BINZER: Yeah, exactly. That was exactly what happened.

ARNOLD: Binzer thought, why ban Airbnb rentals? I mean, this is hurting me. What's going on? So he went to a town meeting and started reading up - this was four years ago - and he realized that cities were really struggling with short-term rentals.

SEAN BRAISTED: Here in Nashville, we had a problem.

ARNOLD: Sean Braisted works in the code enforcement department in Nashville, Tenn. He says, for one thing, it's been hard to get homeowners to get rental permits and pay taxes on the rental income. But also, he says, Nashville is a big party town.

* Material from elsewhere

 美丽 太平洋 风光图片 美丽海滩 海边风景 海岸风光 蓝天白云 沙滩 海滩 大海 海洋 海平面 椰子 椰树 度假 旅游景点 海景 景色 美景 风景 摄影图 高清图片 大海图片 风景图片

BRAISTED: And so we would have problems with essentially party houses that would, you know, try to pull as many beds into one house as possible and cram as many people in there.

ARNOLD: The city was getting complaints about what was going on in the house or the yard next door.

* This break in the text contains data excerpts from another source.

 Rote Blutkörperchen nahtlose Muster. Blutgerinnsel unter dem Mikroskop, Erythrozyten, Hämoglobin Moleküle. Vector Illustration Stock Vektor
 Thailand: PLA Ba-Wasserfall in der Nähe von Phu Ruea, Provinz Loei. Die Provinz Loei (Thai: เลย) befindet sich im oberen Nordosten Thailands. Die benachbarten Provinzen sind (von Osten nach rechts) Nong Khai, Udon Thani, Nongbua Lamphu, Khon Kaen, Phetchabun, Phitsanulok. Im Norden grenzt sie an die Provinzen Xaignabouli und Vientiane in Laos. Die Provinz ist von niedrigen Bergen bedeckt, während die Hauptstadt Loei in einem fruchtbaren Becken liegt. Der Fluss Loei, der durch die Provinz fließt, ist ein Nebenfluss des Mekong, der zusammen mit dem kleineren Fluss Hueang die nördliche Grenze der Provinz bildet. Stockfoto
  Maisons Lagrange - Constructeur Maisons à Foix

BRAISTED: We've had complaints about people allegedly having sex parties to doing all sorts of things within short-term rental properties.

ARNOLD: The city only allows Airbnb-type rentals in residential neighborhoods if the house is your primary residence. That's to cut down on investor-owned party houses or just too many investor-owned short-term rentals. But Braisted says the rules were hard to enforce. For one thing, you often don't see the actual address of the property on a site until you agree to rent it. So Ulrik Binzer, back in California, he realized cities trying to enforce this...

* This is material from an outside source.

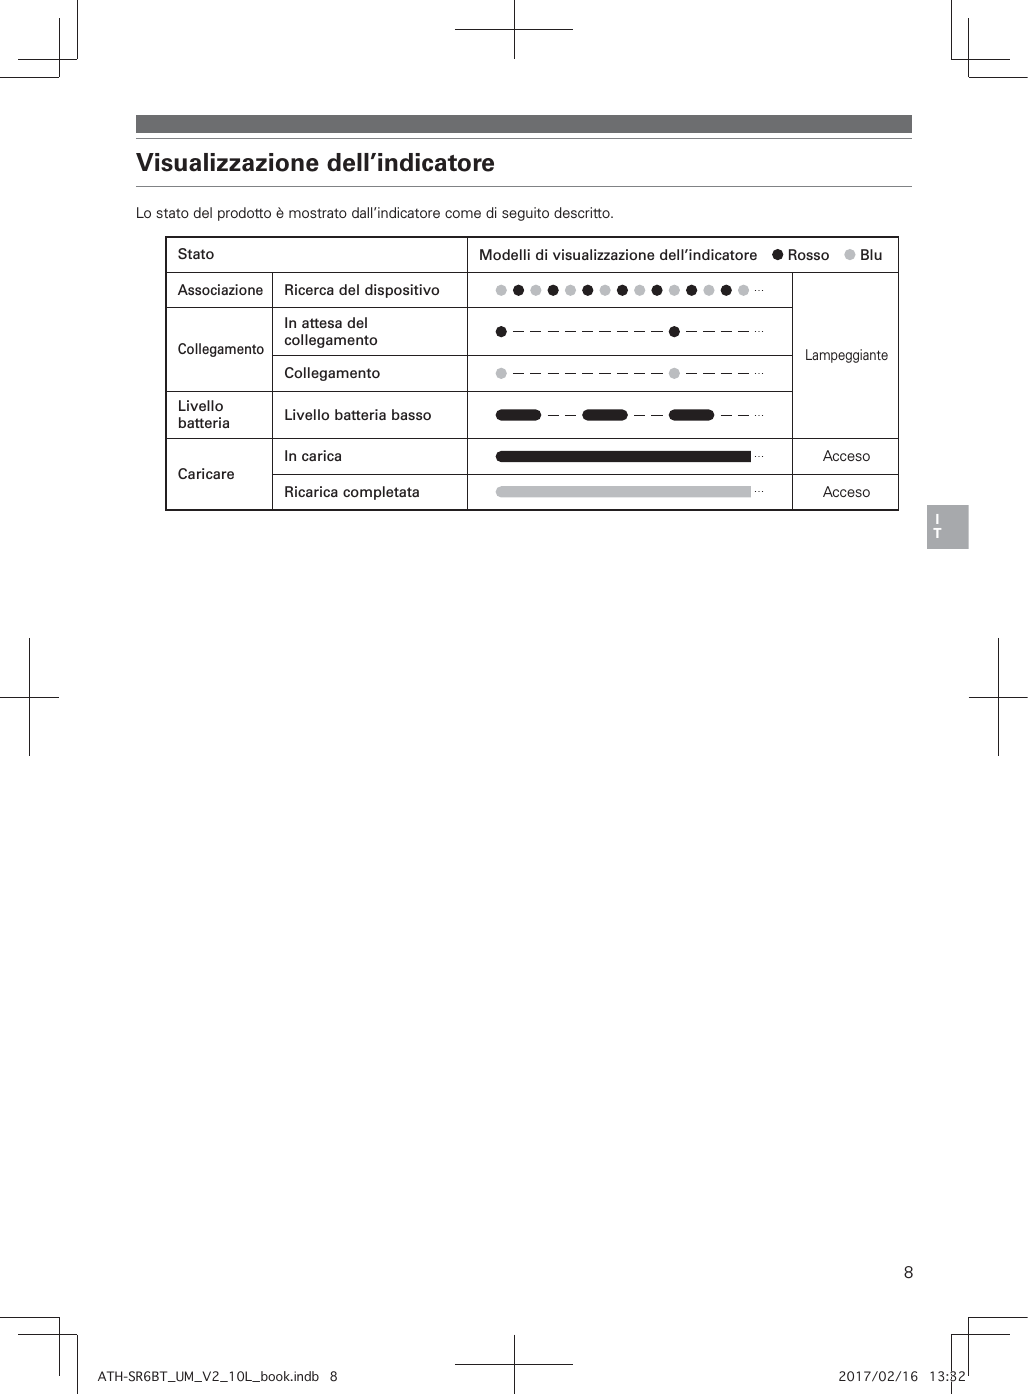 8*5Visualizzazione dell’indicatoreLo stato del prodotto è mostrato dall’indicatore come di seguito descritto.Stato Modelli di visualizzazione dell’indicatore   Rosso   BluAssociazioneRicerca del dispositivoLampeggianteCollegamentoIn attesa del collegamentoCollegamentoLivello batteria Livello batteria bassoCaricareIn carica AccesoRicarica completata Acceso?RF+QP4@R]SK]T0]/.J]`mmi,glb`6 0./5-.0-/4/1810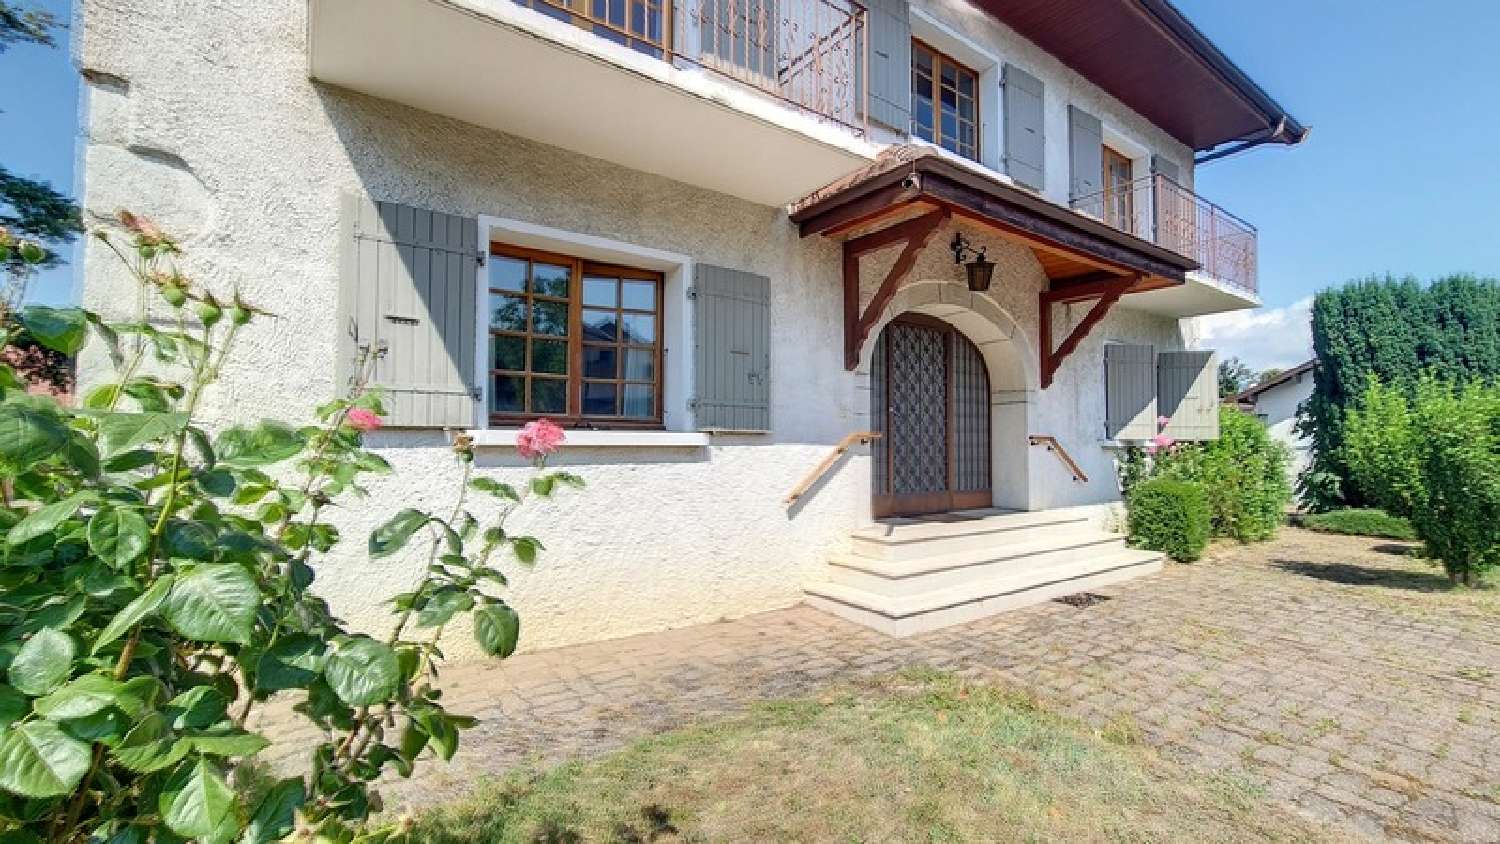  à vendre maison Vulbens Haute-Savoie 2

BINZER: It was like bringing a knife to a gunfight, right? The traditional way that cities manage compliance is a very manual method, right? So they essentially go and do a drive-by, or they try to book the property so they can get the address. And then they catch them, and it's sort of like a sting operation. It was like, you can't do that when you have thousands of these, right? So...

ARNOLD: So Binzer saw an opportunity to use his technology background to help get all this under control. He got some software developers on board, and they knocked together a bare-bones startup company.

BINZER: We went out and started talking to cities and very quickly got to something like 20 customers, like, within a couple of months.

ARNOLD: Fast forward to today, and Binzer says his company - it's called Host Compliance - is working with more than 300 towns and cities across the U.S. and Canada. Nashville is one of them. The city is using Binzer's technology to see if properties on the short-term rental sites have the right permits. Back in the Nashville permit office, Braisted explains...

BRAISTED: They crawl the Internet through those sites, and then they match those up with property records, assessor photos of the front of the properties.

ARNOLD: Binzer says his company uses artificial intelligence software to figure out the address and the owner, then people renting without a permit are told to get one or stop renting. And in Nashville, Braisted says, in just two years, the city is bringing in 50% more money each year in short-term rental taxes, and the crackdown has found 2,500 rental operators who are breaking the rules. So what does Airbnb itself think about all this? Spokesman Christopher Nulty didn't want to talk about any one specific company, but...

CHRISTOPHER NULTY: We just don't think that the best approach here is for cities to turn that responsibility over to another company whose sole responsibility is to, you know, tattle on people.

ARNOLD: Nulty says there are privacy concerns, and he says, well, you know, what's next? Are cities going to start hiring companies to check, if you buy a sink at the Home Depot, that you've got a plumbing permit? Ulrik Binzer says, look - he knows that Airbnb and the other sites are not his biggest fans.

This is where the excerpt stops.